About this task » Nothing but the data itself, reproduced exactly, is the expected answer.

START Dataset content

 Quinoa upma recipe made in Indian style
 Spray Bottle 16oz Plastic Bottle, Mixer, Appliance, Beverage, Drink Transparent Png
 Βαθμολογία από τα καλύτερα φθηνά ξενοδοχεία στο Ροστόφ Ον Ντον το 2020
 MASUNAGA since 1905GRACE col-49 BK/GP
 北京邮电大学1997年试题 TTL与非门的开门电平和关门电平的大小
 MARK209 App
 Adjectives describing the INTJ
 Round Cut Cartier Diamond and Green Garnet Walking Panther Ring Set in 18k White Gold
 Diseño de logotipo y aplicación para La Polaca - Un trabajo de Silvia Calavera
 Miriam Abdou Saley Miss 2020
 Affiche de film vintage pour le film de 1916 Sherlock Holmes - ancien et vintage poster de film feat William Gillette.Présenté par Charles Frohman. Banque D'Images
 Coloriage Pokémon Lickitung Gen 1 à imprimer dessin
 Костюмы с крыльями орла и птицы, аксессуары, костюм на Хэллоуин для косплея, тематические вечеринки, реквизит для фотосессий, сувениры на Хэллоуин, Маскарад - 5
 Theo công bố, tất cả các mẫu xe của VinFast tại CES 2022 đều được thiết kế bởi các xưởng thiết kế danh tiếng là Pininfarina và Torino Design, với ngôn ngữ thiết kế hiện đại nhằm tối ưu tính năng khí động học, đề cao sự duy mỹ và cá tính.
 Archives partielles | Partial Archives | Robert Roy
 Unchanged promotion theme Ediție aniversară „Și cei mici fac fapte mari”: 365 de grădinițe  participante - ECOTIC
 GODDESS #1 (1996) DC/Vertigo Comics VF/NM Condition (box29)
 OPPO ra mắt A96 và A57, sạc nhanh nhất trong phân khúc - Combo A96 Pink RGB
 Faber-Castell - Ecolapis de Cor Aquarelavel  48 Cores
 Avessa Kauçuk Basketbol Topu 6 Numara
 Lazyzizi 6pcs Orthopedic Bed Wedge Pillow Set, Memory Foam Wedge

END Dataset content

Written solution »
 Quinoa upma recipe made in Indian style
 Spray Bottle 16oz Plastic Bottle, Mixer, Appliance, Beverage, Drink Transparent Png
 Βαθμολογία από τα καλύτερα φθηνά ξενοδοχεία στο Ροστόφ Ον Ντον το 2020
 MASUNAGA since 1905GRACE col-49 BK/GP
 北京邮电大学1997年试题 TTL与非门的开门电平和关门电平的大小
 MARK209 App
 Adjectives describing the INTJ
 Round Cut Cartier Diamond and Green Garnet Walking Panther Ring Set in 18k White Gold
 Diseño de logotipo y aplicación para La Polaca - Un trabajo de Silvia Calavera
 Miriam Abdou Saley Miss 2020
 Affiche de film vintage pour le film de 1916 Sherlock Holmes - ancien et vintage poster de film feat William Gillette.Présenté par Charles Frohman. Banque D'Images
 Coloriage Pokémon Lickitung Gen 1 à imprimer dessin
 Костюмы с крыльями орла и птицы, аксессуары, костюм на Хэллоуин для косплея, тематические вечеринки, реквизит для фотосессий, сувениры на Хэллоуин, Маскарад - 5
 Theo công bố, tất cả các mẫu xe của VinFast tại CES 2022 đều được thiết kế bởi các xưởng thiết kế danh tiếng là Pininfarina và Torino Design, với ngôn ngữ thiết kế hiện đại nhằm tối ưu tính năng khí động học, đề cao sự duy mỹ và cá tính.
 Archives partielles | Partial Archives | Robert Roy
 Unchanged promotion theme Ediție aniversară „Și cei mici fac fapte mari”: 365 de grădinițe  participante - ECOTIC
 GODDESS #1 (1996) DC/Vertigo Comics VF/NM Condition (box29)
 OPPO ra mắt A96 và A57, sạc nhanh nhất trong phân khúc - Combo A96 Pink RGB
 Faber-Castell - Ecolapis de Cor Aquarelavel  48 Cores
 Avessa Kauçuk Basketbol Topu 6 Numara
 Lazyzizi 6pcs Orthopedic Bed Wedge Pillow Set, Memory Foam Wedge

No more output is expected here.